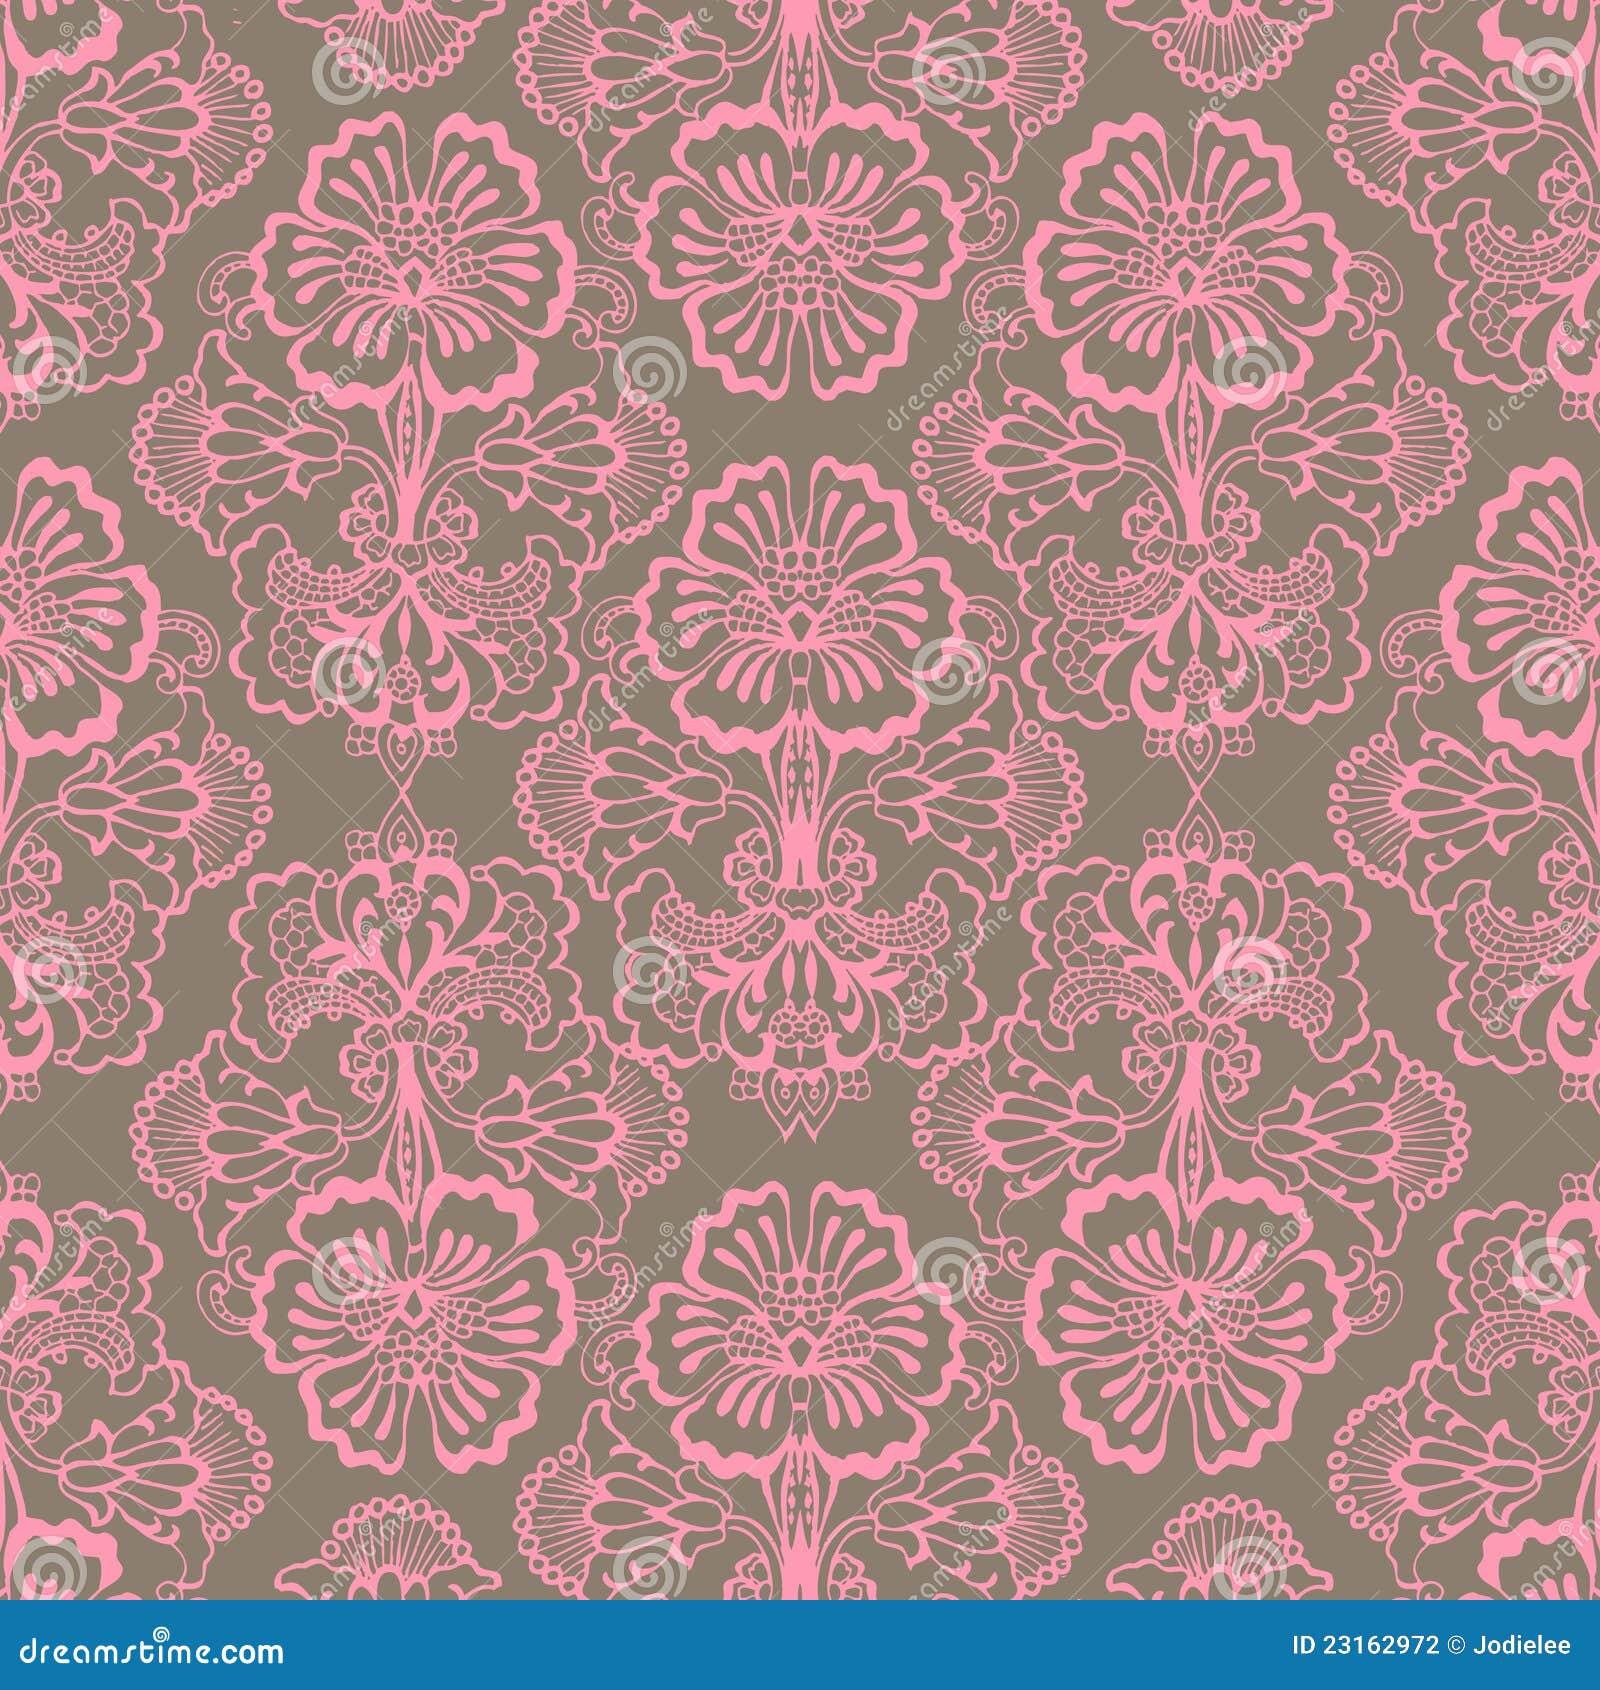 粉红色和布朗脏的葡萄酒花背景
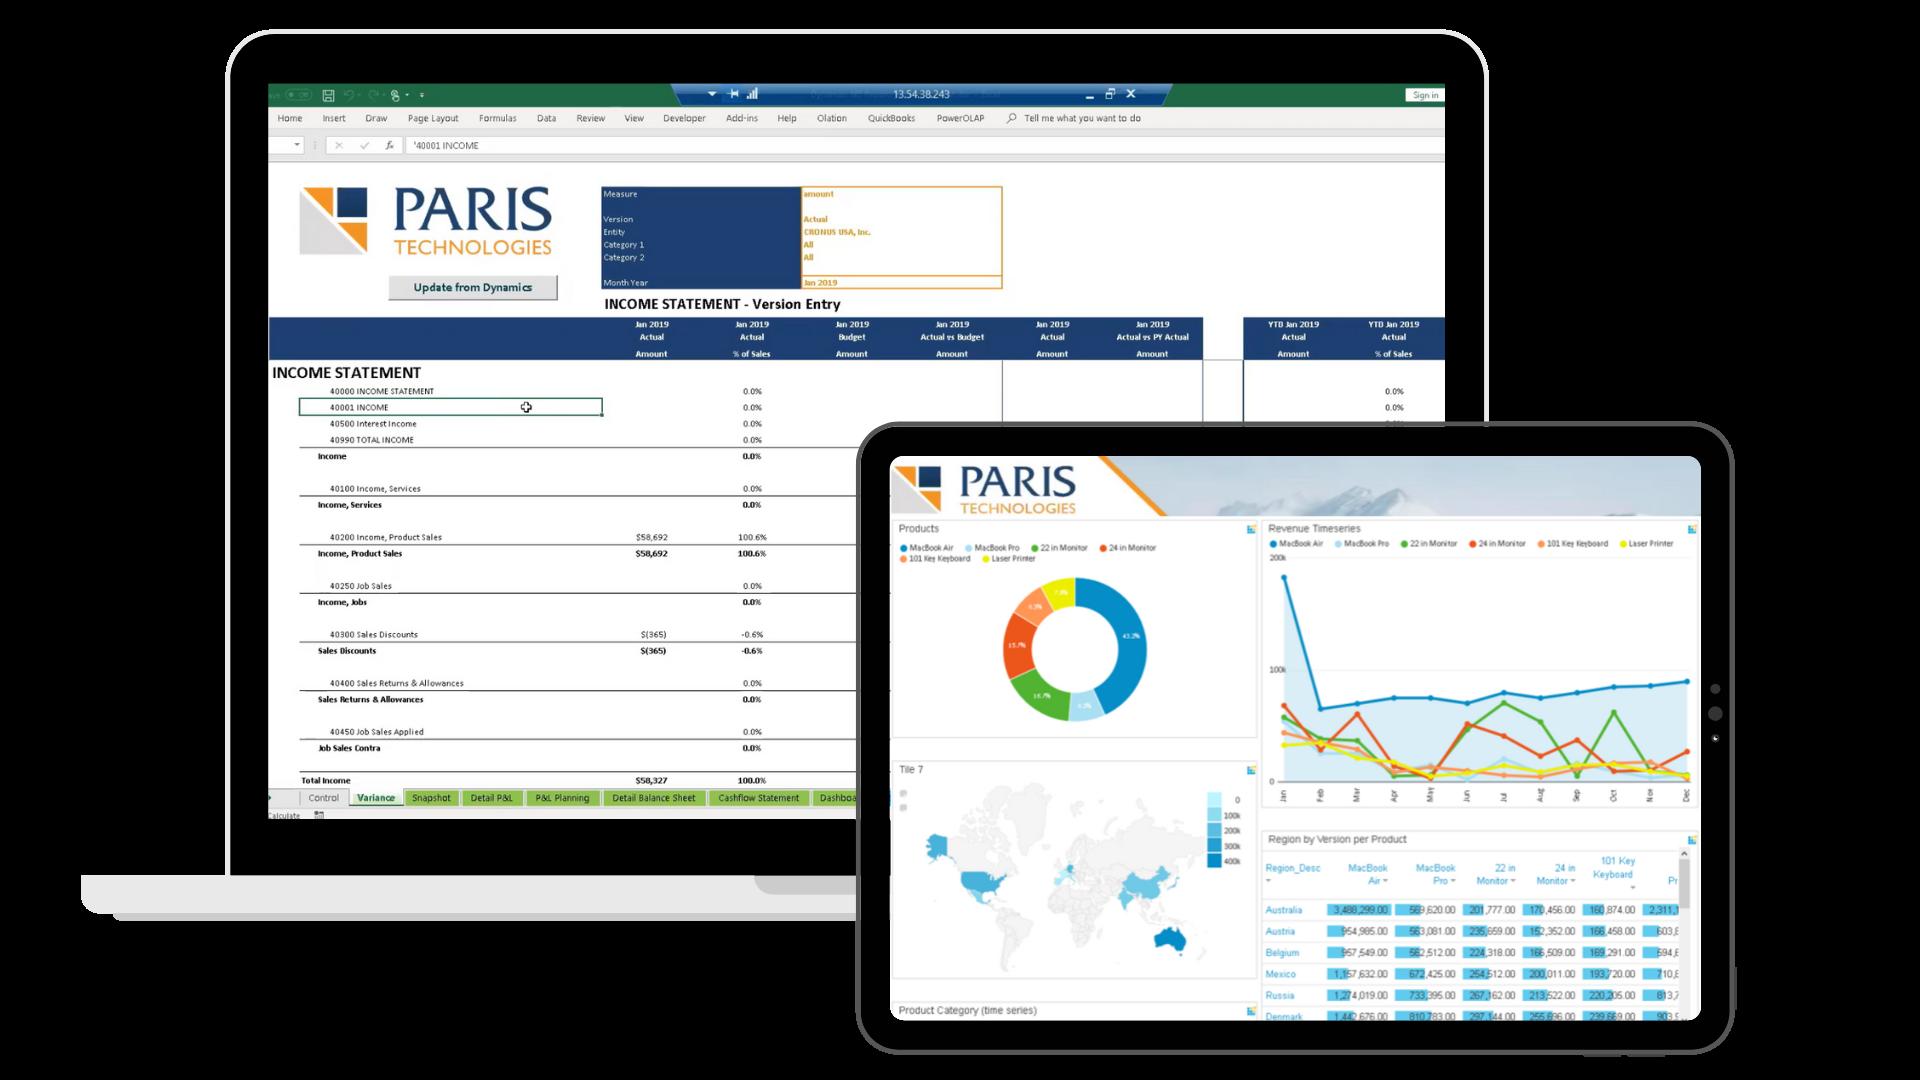 PARIS laptop tablet
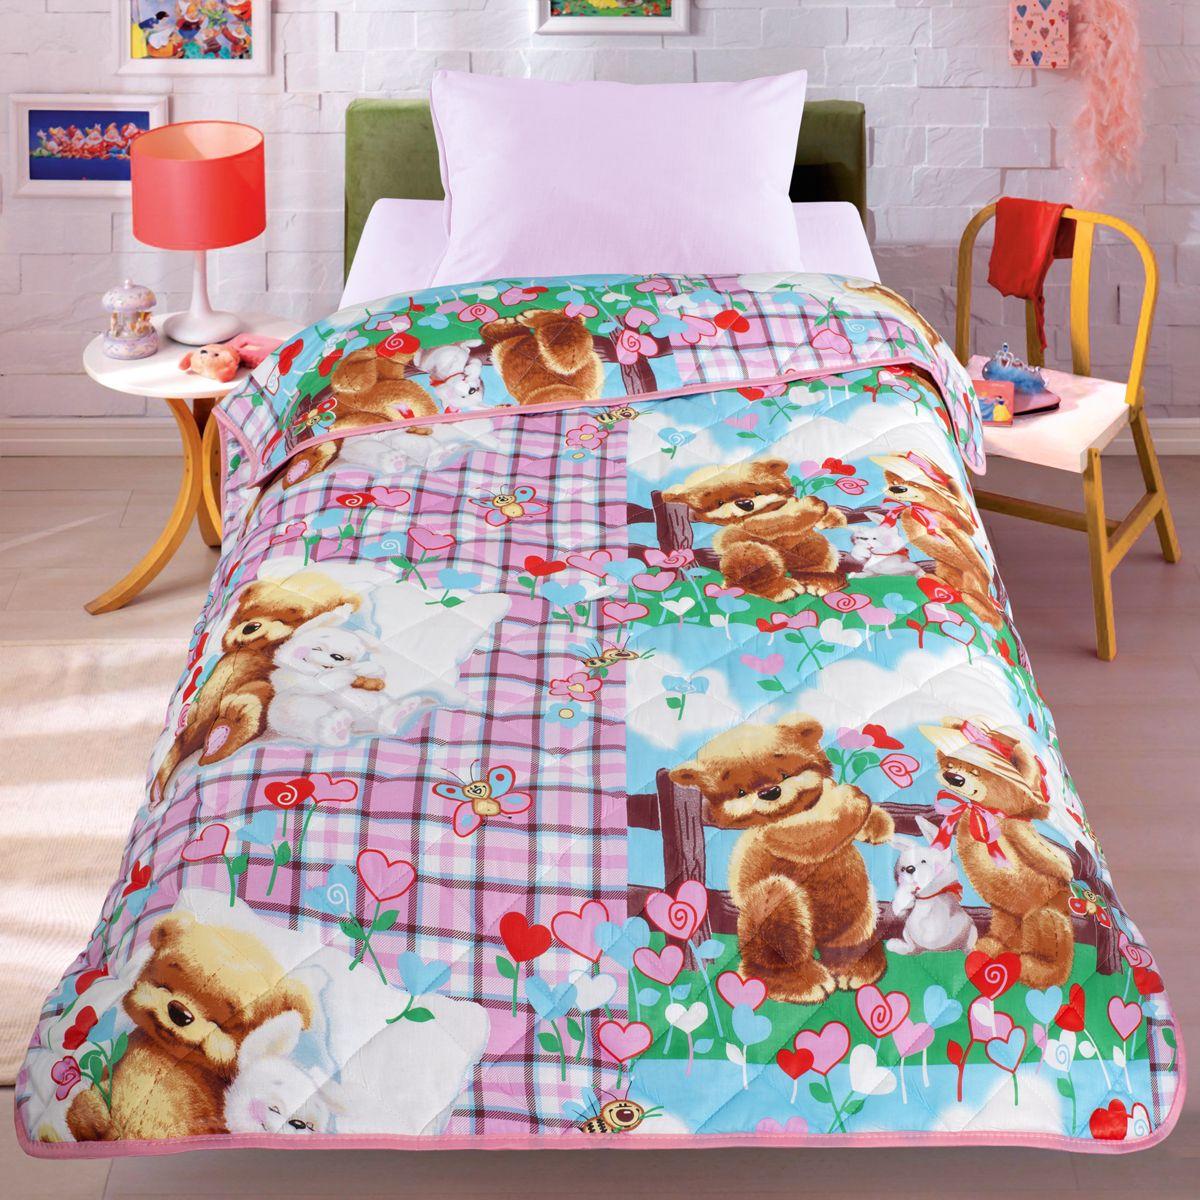 Покрывало-одеяло Letto Мишки и зайка, облегченное, цвет: розовый, 140 x 200 смbear-rabbit140Легкое оригинальное покрывало в чехле будет радовать вас и вашего малыша в течение всего года. Сидеть на таком покрывале будет приятно и комфортно - ведь оно выполнено из 100% хлопка. К тому же покрывало можно использовать и как одеяло на детскую кровать. Дизайн двусторонний. Наполнитель - силиконизированное волокно. Вашему ребенку не будет жарко под таким одеялом, а это значит он не будет раскрываться. Оно подлежит машинной стирке при температуре 30 гр., строго на деликатном режиме.

____________________

**WHAT IS BEING ASKED:** For this exercise, write the listing out again exactly, excluding all images.

**RESULT:**
 粉红色和布朗脏的葡萄酒花背景
 PARIS laptop tablet
 Покрывало-одеяло Letto Мишки и зайка, облегченное, цвет: розовый, 140 x 200 смbear-rabbit140Легкое оригинальное покрывало в чехле будет радовать вас и вашего малыша в течение всего года. Сидеть на таком покрывале будет приятно и комфортно - ведь оно выполнено из 100% хлопка. К тому же покрывало можно использовать и как одеяло на детскую кровать. Дизайн двусторонний. Наполнитель - силиконизированное волокно. Вашему ребенку не будет жарко под таким одеялом, а это значит он не будет раскрываться. Оно подлежит машинной стирке при температуре 30 гр., строго на деликатном режиме.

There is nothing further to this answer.